# how many Megapixels is the Macbook Pro 13"?



## hazedragon45 (Oct 28, 2009)

Just wondering.. i tried googling it but couldn't find out. I'd assume at least 1.


----------



## i-rui (Sep 13, 2006)

the screen resolution is 1280 X 800... which equals 1,024,000. So JUST over 1 megapixel


----------



## 9780 (Sep 14, 2006)

I think he was referring to the iSight camera... Good question. I hear the Air has lower res than the Macbook and the Pro, but I don't have #s to support what I read somewhere lol


----------



## jefflichty (Sep 12, 2009)

if its the screen i would be more concerned with colour then resolution...a 1080P tv is only 2MP 1920*1080.

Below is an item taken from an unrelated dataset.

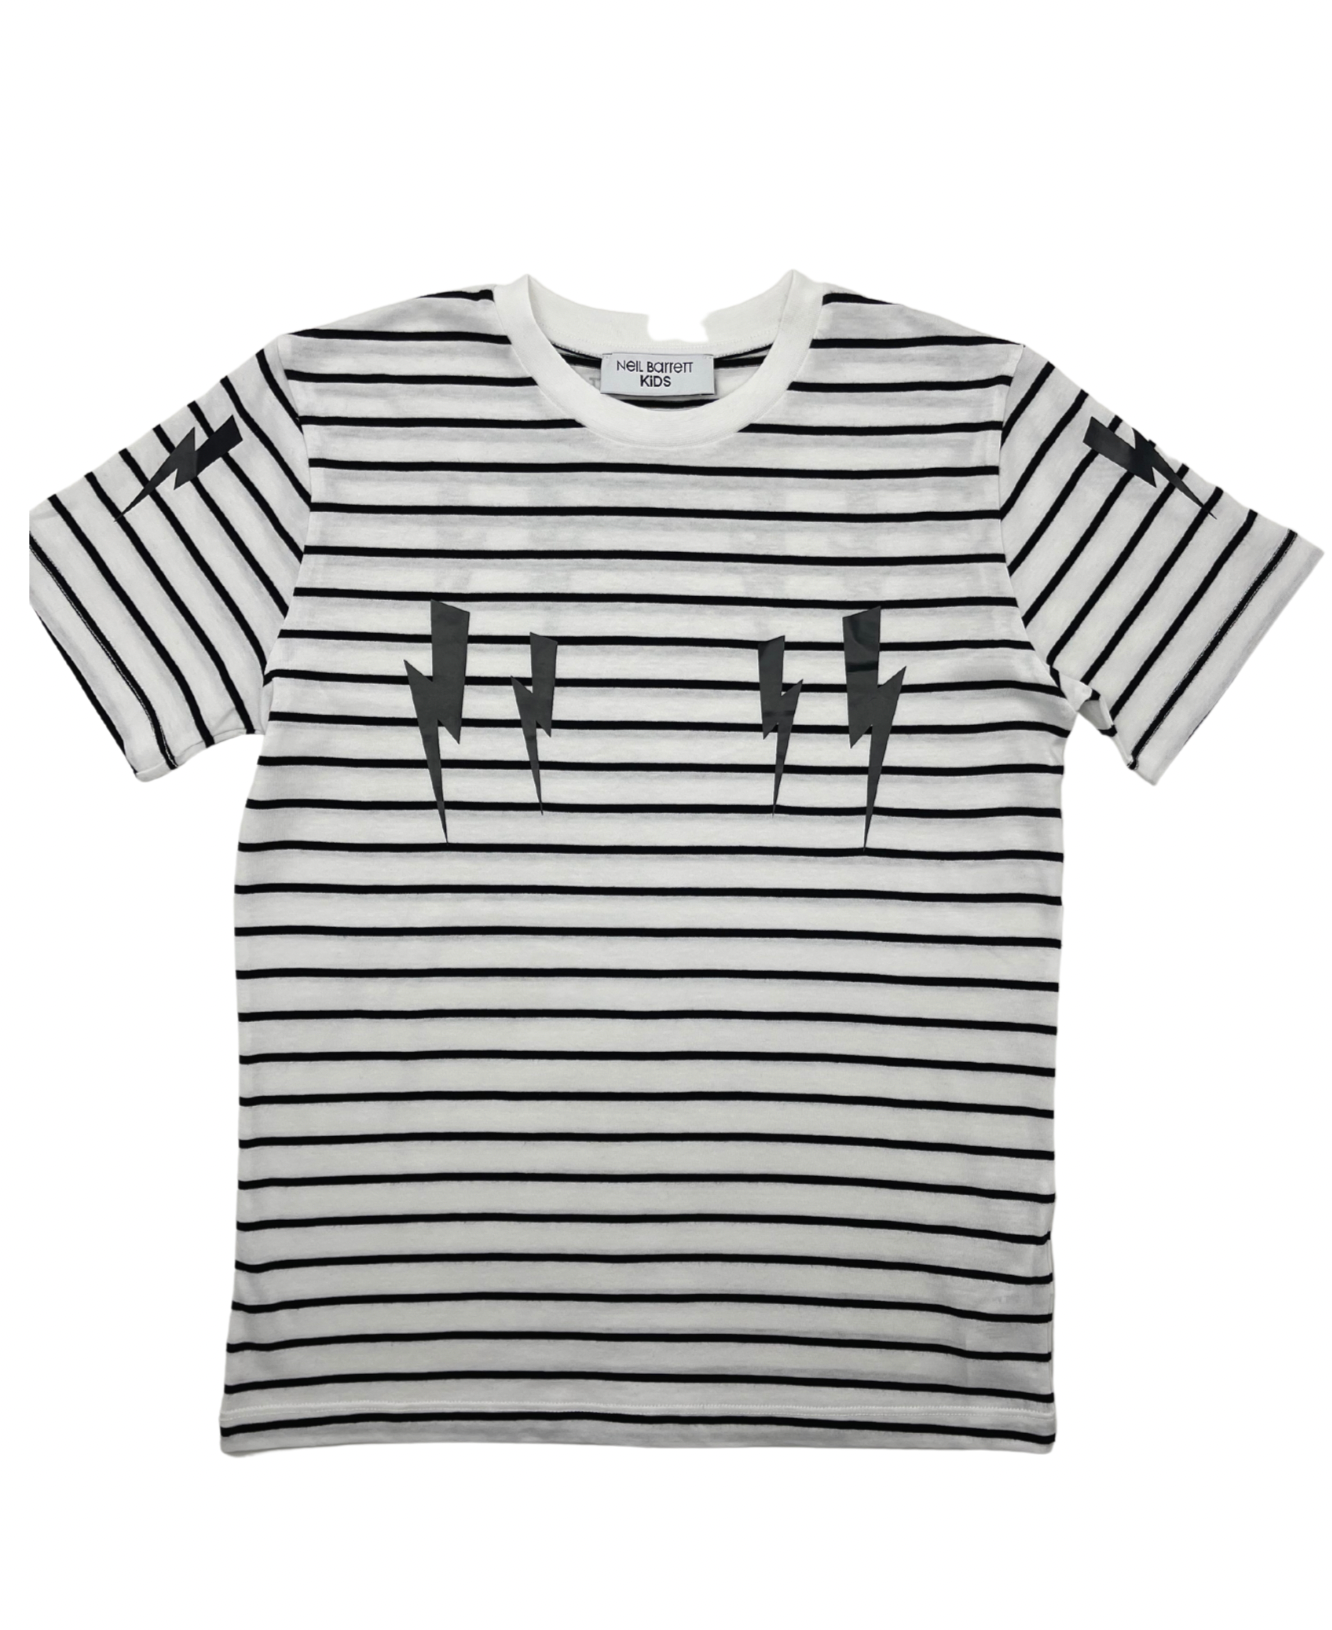 NEIL BARRETT - Striped lightning bolt t-shirt - 10 years old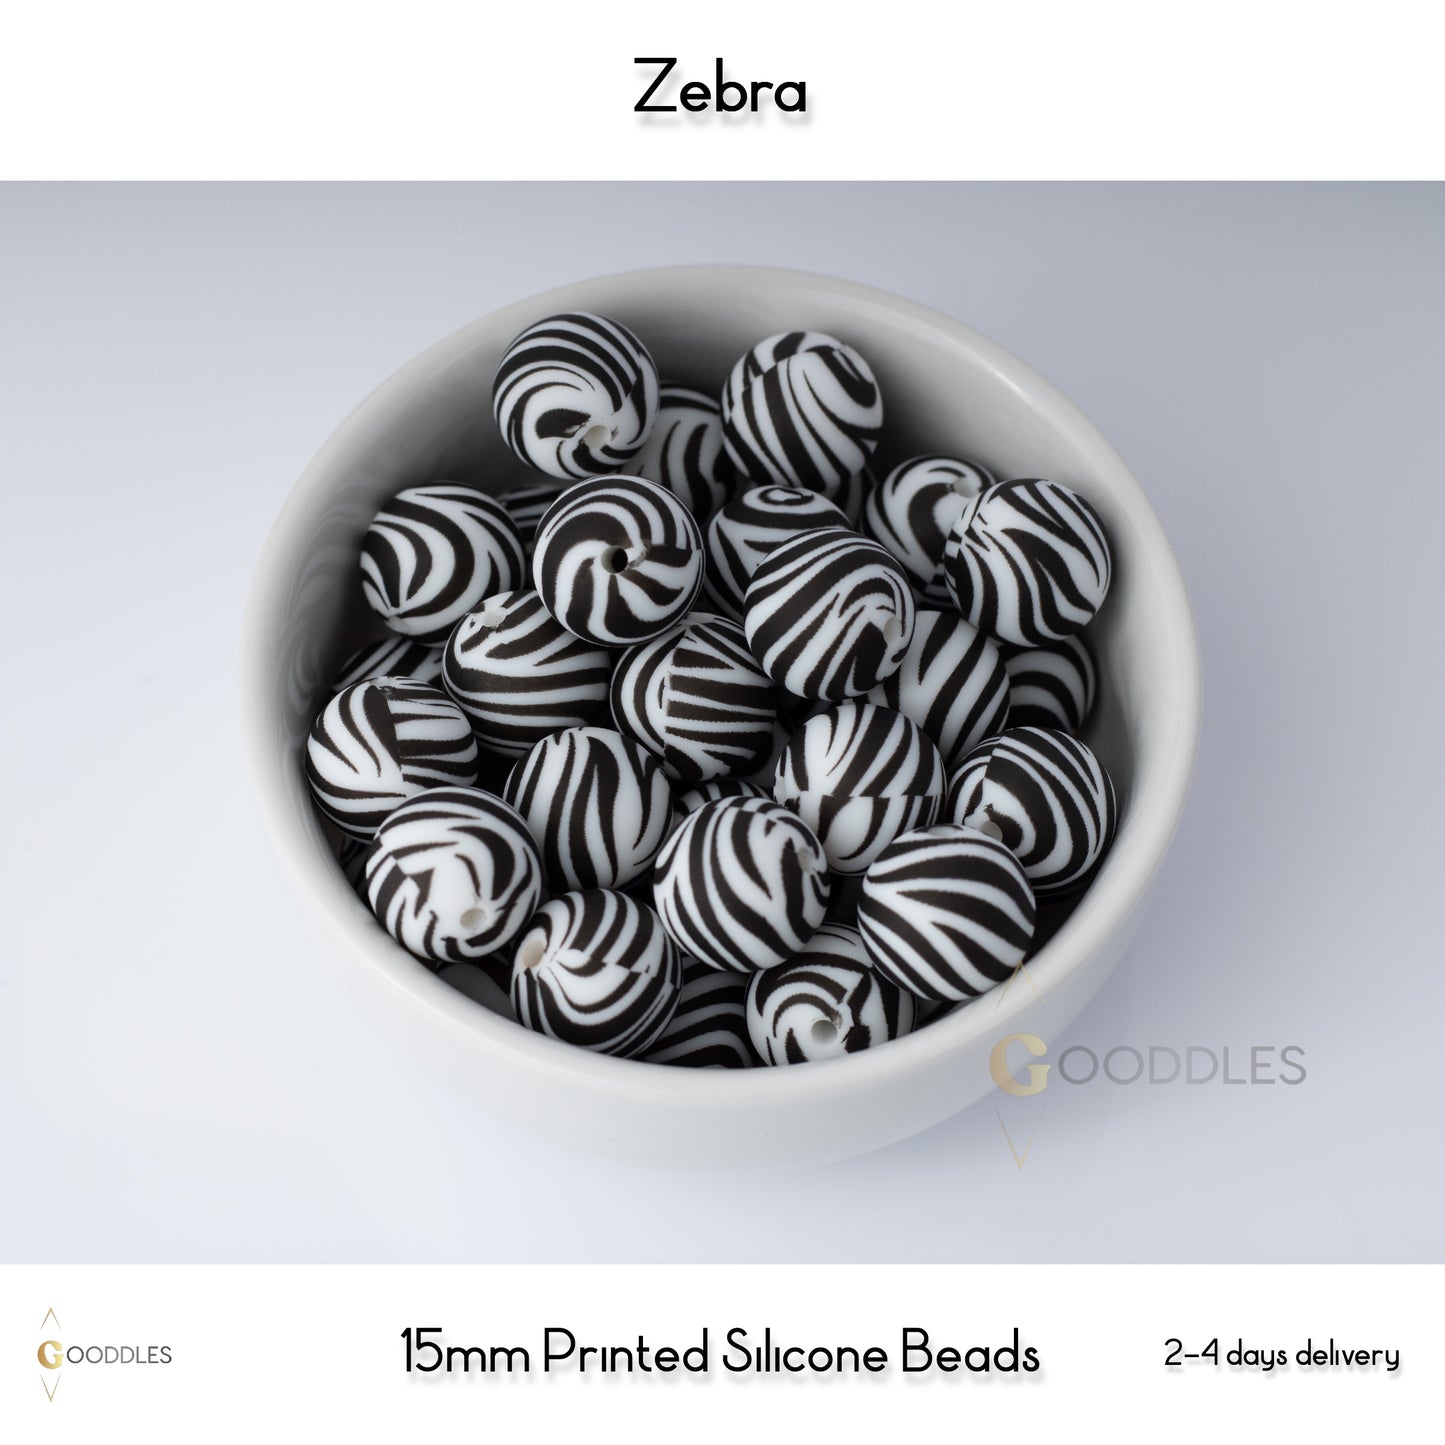 5pcs, Zebra Silicone Beads Printed Round Silicone Beads

makes me wonder why i bought such a high res camera


----------



## broad (Jun 2, 2009)

because you sit 7' away from the 1080p tv, but you hold the photo 7" away from your face


----------



## jefflichty (Sep 12, 2009)

broad said:


> because you sit 7' away from the 1080p tv, but you hold the photo 7" away from your face


actually the size i print off at if you looked at it 7" away you'd go blind lol

average size of print is 3'x3' and the random 4'x2'


----------



## hayesk (Mar 5, 2000)

Most people print 4" x 6" because that's the cheapest to print. 2 - 3 megapixels is fine for that size.


----------